We knew that the secretary of an attorney, who rents from our office, had a small television at her desk. Most of the staff ran to her desk so we could watch everything unfold on the news.   How sad, we thought; one of the engines must have failed, the pilot must’ve gotten sick.   Our bosses has joined us to see what was going on (mind you, the television set she had couldn’t have been more than 9 inches).  Just as our boss was going to tell us to go back to our desks, right before our eyes, the second plane hit the second tower.  At that moment, we came to the harsh realization that this was no engine failure.   Our boss immediately directed everyone to shut off their computers and go home.
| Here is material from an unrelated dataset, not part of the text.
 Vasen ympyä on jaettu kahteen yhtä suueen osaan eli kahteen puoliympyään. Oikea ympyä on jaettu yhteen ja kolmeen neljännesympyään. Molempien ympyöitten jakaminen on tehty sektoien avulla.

A co-worker who lived in Long Island offered me a ride home since she had to get on the highway anyway.   The VanWyck expressway was eerily empty.   She came up the ramp on my exit and I told her I would get out there so she could jump back on the highway.  The walk could not have been longer to get to my 6 month old even though it was only 5 blocks.   I chatted with the babysitter for a little bit before putting my son in the stroller to pick up my older son from pre-school another 10 blocks away, but only 1 block from my home.   We got home and my mother was sitting in the kitchen watching the news unfold.  Then it happened.  As I was taking off the baby’s jacket, on live television, the first tower crumbled as if it were nothing.  Just a plume of grey smog was left. We started seeing news of other hijackings around the country.  Though only 5 minutes from JFK airport, the skies were completely silent as all air traffic was grounded.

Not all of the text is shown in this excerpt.